北浦発たなご通信9〔あすか釣狂人〕

店主の独り言

釣聖と云われる人がいる・・・西洋では「釣魚大全」の著者として有名なアイザック・ウォル
トン
()であり、日本では幸田露伴であろう。
なぜ、彼らが釣聖と称されるのであろうか・・・無論、釣ることに対する真摯な姿勢が評価さ
れてのことに相違ないが、ただ単に「釣果」だけが釣り師を評価する尺度ならば釣聖と呼ばれ
てもおかしくない釣り師は他にも沢山いる。

いまさら云うまでもなく、「釣魚大全」は初版以来400年を経た今日でも世界中で読まれてい
る釣本のバイブル的存在であり、露伴の「幻談」は他の追従を許さない釣り文学の最高傑作と
云われている。じっさい何度、読み返しても魅入られたようにぺ−ジを重ねる心地よさは、大
文豪ならではの冴えがもたらす至福のひと時である。

洋の東西の釣聖が、大陸にしがみ付くような形である日本とイギリスという小さな島国に存在
し、王制と天皇制という体制の共通点、さらに食料採取を第一目的としないタナゴ釣りとフラ
イフィシィングというゲ
-ム性の強い釣りを開花させた文化的背景・・・偶然という一言でか
たづけるには得心し難いものを感じる。

少し前の話しになるが、フナ釣りで有名な場所で泰然とした老釣り師にあったことがある・・
・・その時わたしは、老釣り師の傍らにある水箱が目に止まり「見たい」の一心から邪魔を承
知で挨拶をして近づき訳を言って無遠慮にも水箱を拝見させて頂いた。

三日月に吼える狼を彫刻した水箱は、いかにも素人細工を思わせる仕上げであったが老釣り師
の遊びごころを具現化した好ましい作品に感じた。
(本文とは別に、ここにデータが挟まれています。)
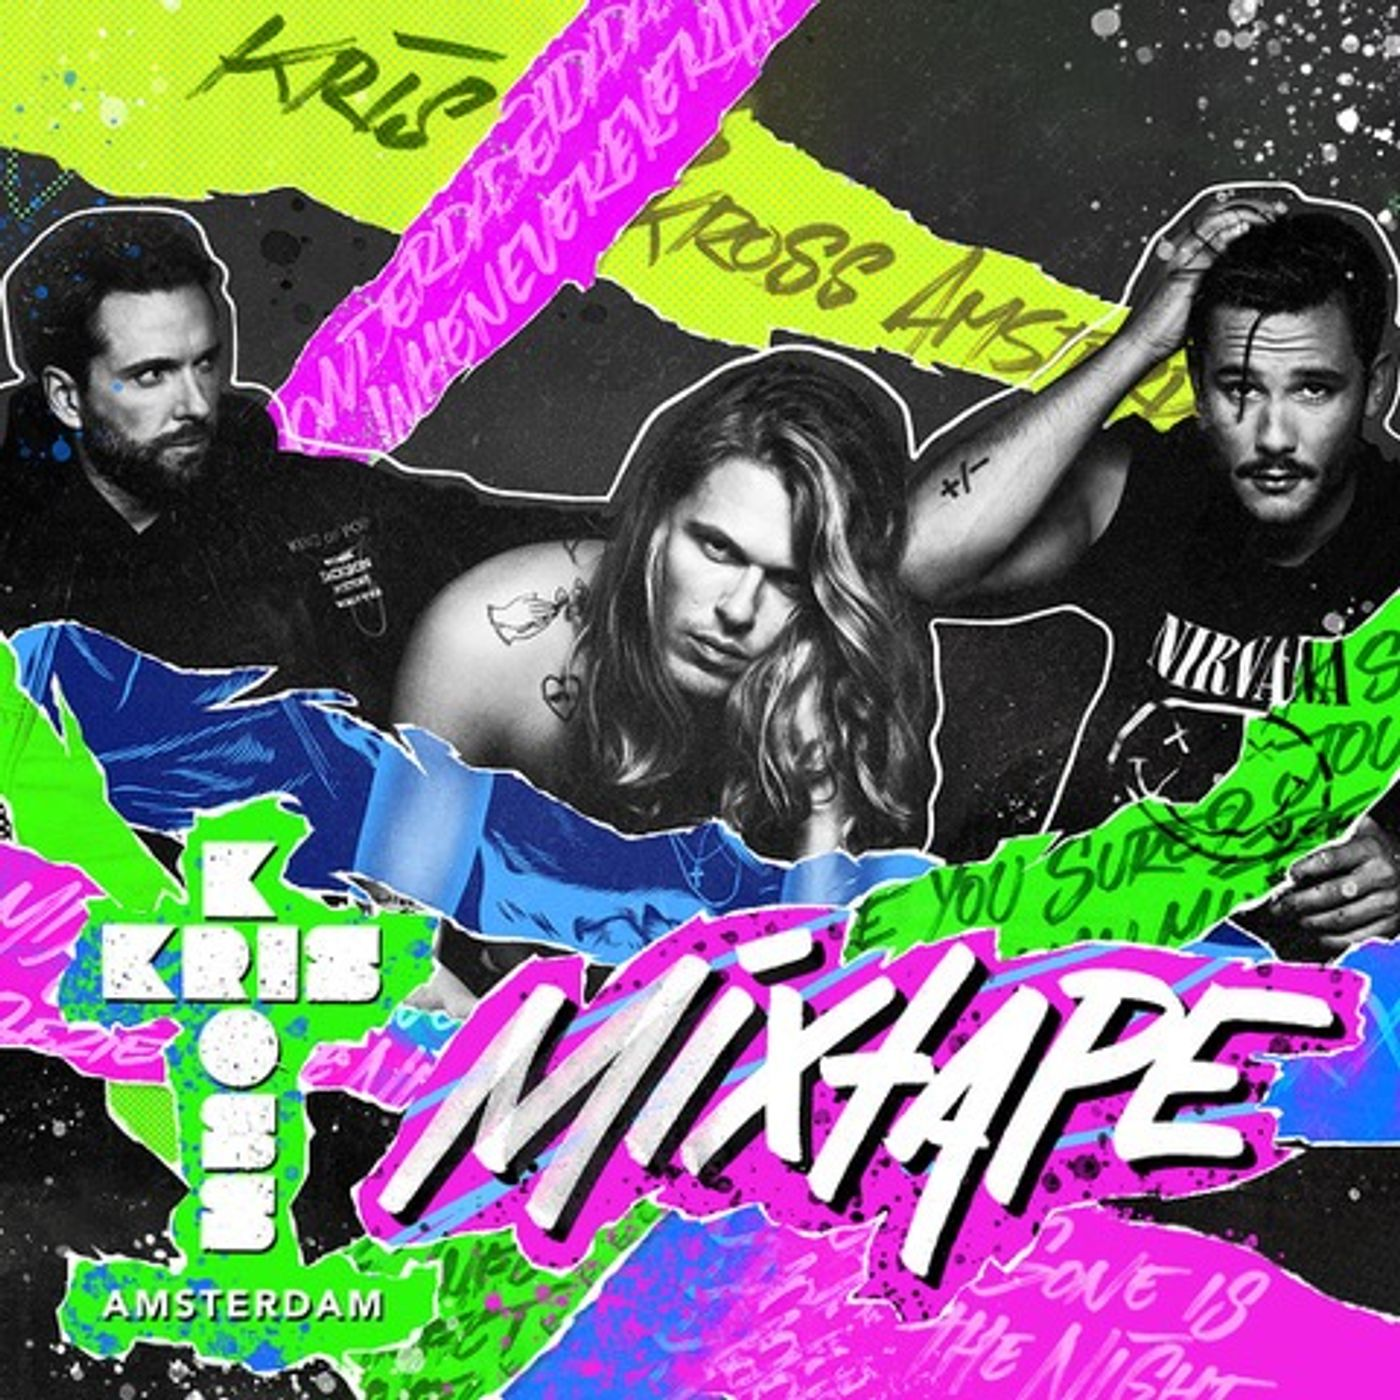 Kris Kross Amsterdam | Kris Kross Mixtape #120

価値観の共通点が多い人との語らいは楽し
く、つい長居してしまったわたしは非礼を詫びて腰をあげようとした時、並べ竿をしてある中
の一本にアタリがあった・・・話し込んでいる間、ピクリともしなかった不調の原因を察して
いた私は、救いの意味も含めて「あたった
!」・・・私の声にも老釣り師は全く泰然として「
そう、あたりましたね・・・」が、老釣り師の右手は動くことはなく目線だけがシモリのアタ
リを楽しんで見ているように覗える。

「わたしはアタリがあったら、それで釣れたことにしているんですよ」
「・・・・・」
「もう、十分に歳をとりましたからね・・・疲れないように頭の中で釣りをしているンです。」
そう云ってチラッと私を見て微笑んだ老釣り師は、また視線の先をシモリに転じたのである。
彼の言動には老い衰えていく寂しさなどというものは微塵もなく、そこには風景の点描と化し
た枯淡の釣り師が漂として佇んでいるだけであった。

そういえば見せていただいた水箱も最近、水を張った形跡がなかった・・・それを釣れないせ
いだと勘ぐった私と、老釣り師との心境とでは天と地ほどの差がある。

「お邪魔いたしました・・・」
自然と頭を下げた私は、心地よさにうしろ髪をひかれながら辞した。以来、親交を重ねて頂い
てるが、最近では私の夢に共感を覚えて下さり庭に柳の木をたくさん挿し木してくれている・
・・店から望む北浦湖岸を茶をすすりながら二人が見ている幻影は、点在する遊行柳の木陰の
下で遊ぶ釣り師や親子連れの姿である。